Description
Сайт узнавания и позиция гидролиза:
| GTGCAC | G↑TGCAC |
| CACGTG | CACGT↓G |
Источник: Vibrio nereis 18
Определение единицы активности:
За единицу активности принимается количество фермента, необходимое для гидролиза 1 мкг ДНК фага лямбда за 1 час при 37°С в 50 мкл реакционной смеси.
Субстрат для определения активности:
ДНК фага лямбда
Оптимальный буфер: SE-буфер O.
Для фасовок Turbo прикладывается 10 X SE-буфер ROSE.
Активность фермента в различных буферах в процентах от максимальной:
| B | G | O | W | Y | ROSE |
| 10 | 25 | 100 | 25 | 25 | 100 |
Условия хранения: 10 mM Tris-HCl (pH 7.5); 50 mM NaCl; 0,1 mM EDTA; 200 ug/ml BSA; 1 mM DTT; 50% глицерин; Хранить при -20°С.
Лигирование:
После гидролиза 10-кратным избытком фермента 90% фрагментов ДНК сшиваются ДНК-лигазой и могут быть повторно расщеплены.
Неспецифический гидролиз:
Картина специфического гидролиза не изменяется при обработке 1 мкг ДНК 10 ед фермента в течение 16 часов при 37°С.

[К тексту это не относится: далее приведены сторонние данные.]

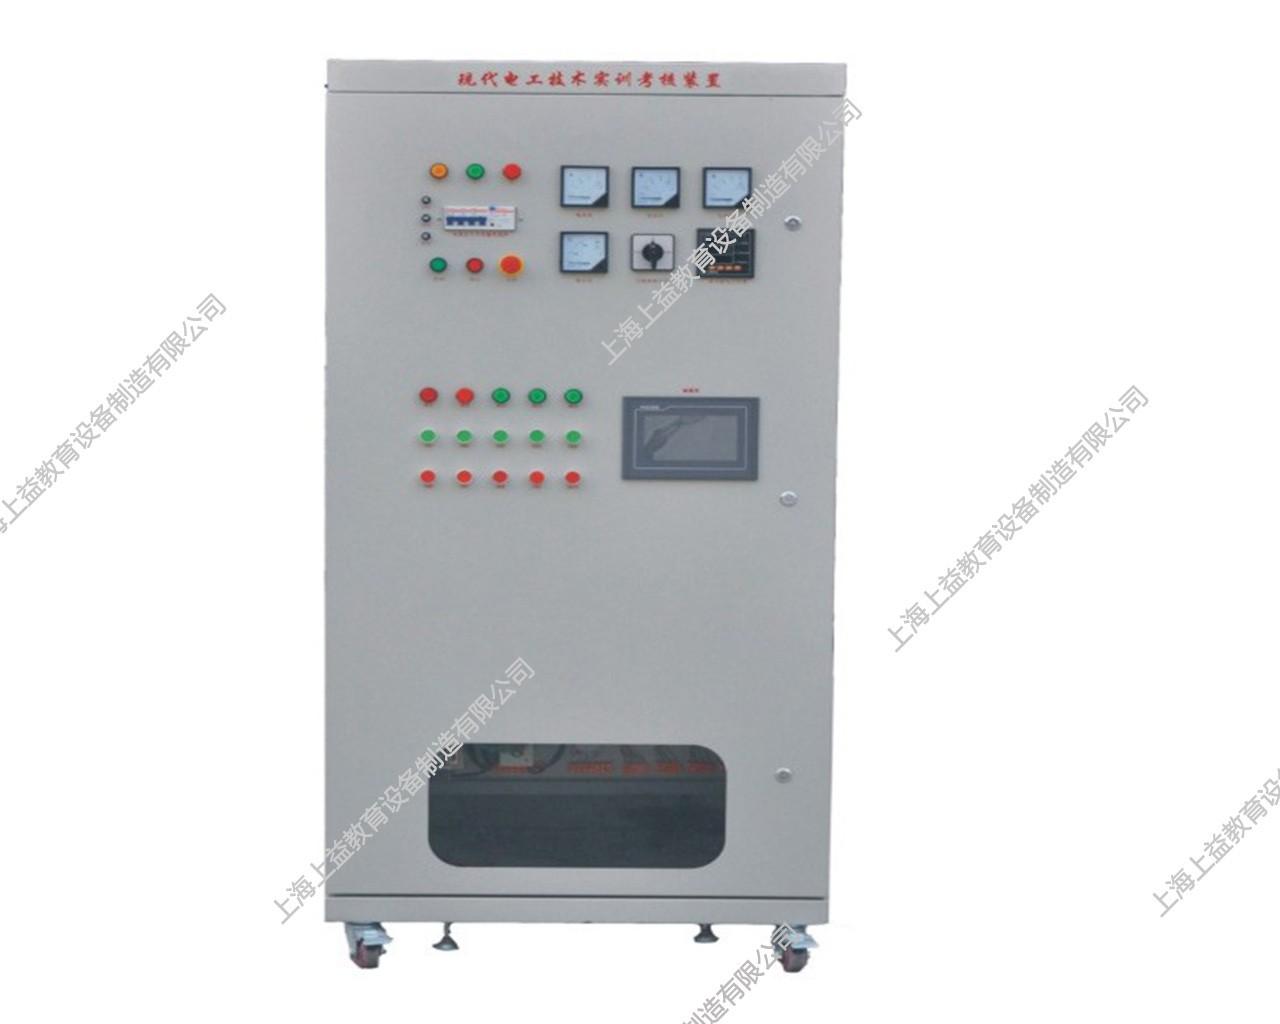 SYGSX-02A现代高级维修电工wwwlehu8viplehu68vip装置(柜式)

Чувствительность к метилированию: не проверялось
С ферментом поставляется: 10 Х SE-буфер O.
Примечание:
Литература:
Дегтярев С.Х., Речкунова Н.И., Нетесова Н.A., Чижиков В.E., Малыгин E.Г., Кочкин A.В., Михайлов В.В., Рассказов В.A. Биоорг. Хим. 13: 422-423 (1987).